We have not authorized anyone to provide any information
or to make any representations other than those contained or incorporated by reference in this pricing supplement and the documents listed
below. We take no responsibility for, and can provide no assurance as to the reliability of, any other information that others may give
you. These documents are an offer to sell only the Notes offered hereby, but only under circumstances and in jurisdictions where it is
lawful to do so. The information contained in each such document is current only as of its date.
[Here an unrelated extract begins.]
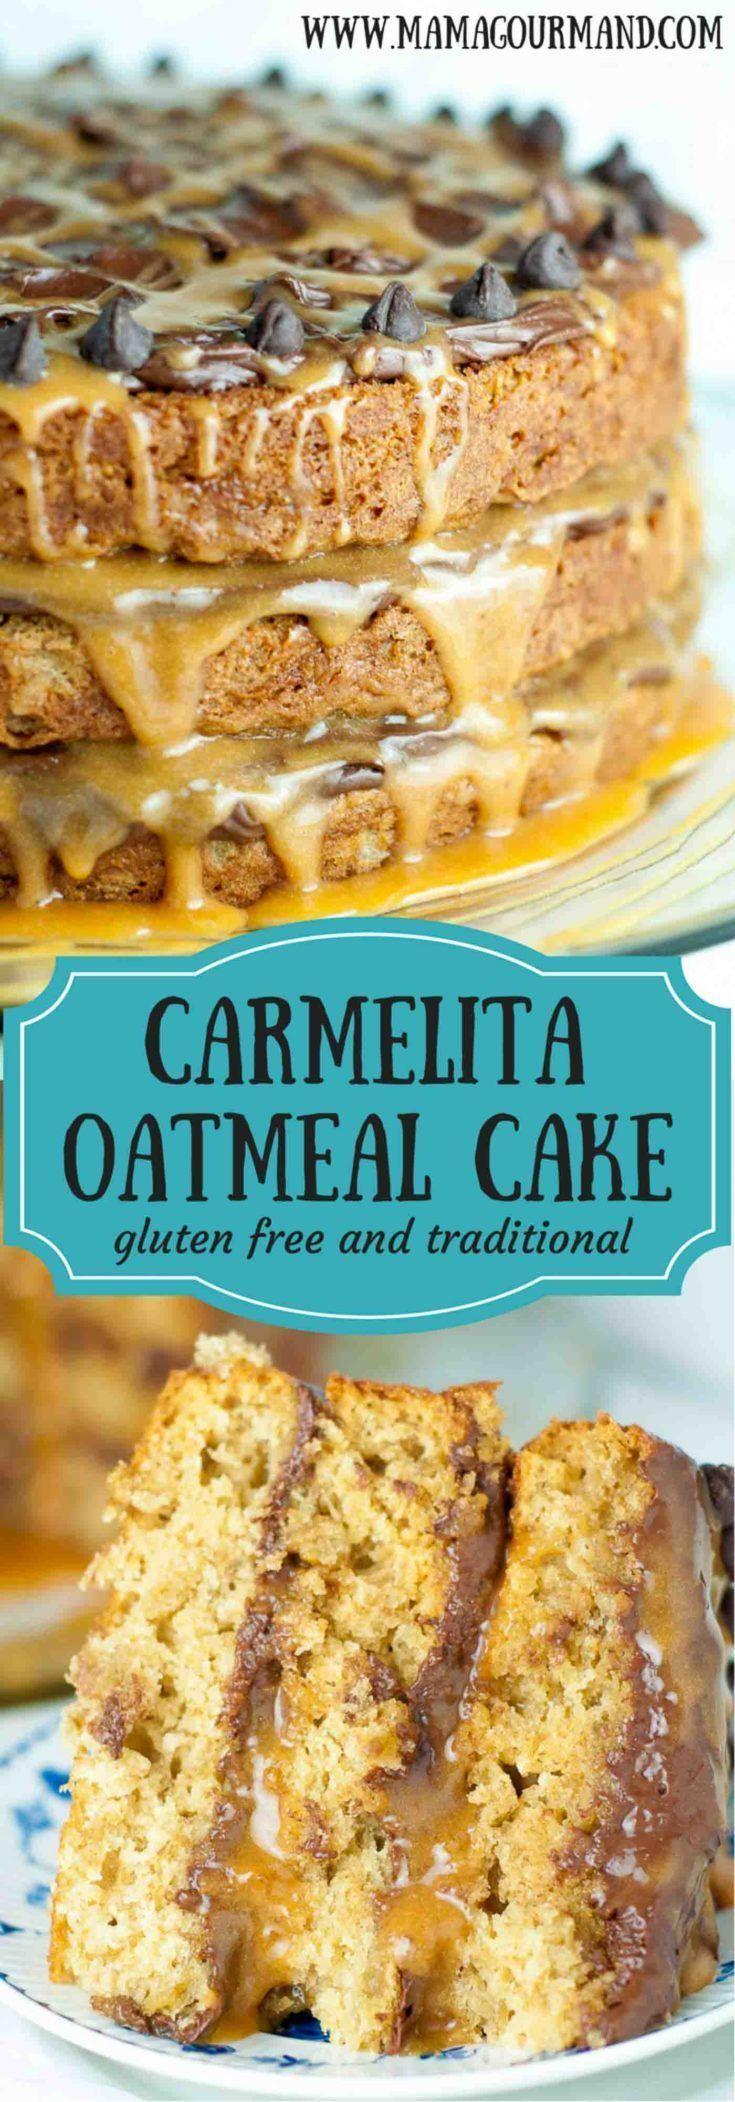 1817 best Gluten Free Baking images on Pinterest   Glutenfree ...

If the information in this pricing supplement differs
from the information contained in the documents listed below, you should rely on the information in this pricing supplement.
You should carefully consider, among other things,
the matters set forth in “Selected Risk Considerations” in this pricing supplement and “Risk Factors” in the documents
listed below, as the Notes involve risks not associated with conventional debt securities. We urge you to consult your investment, legal,
tax, accounting and other advisers before you invest in the Notes.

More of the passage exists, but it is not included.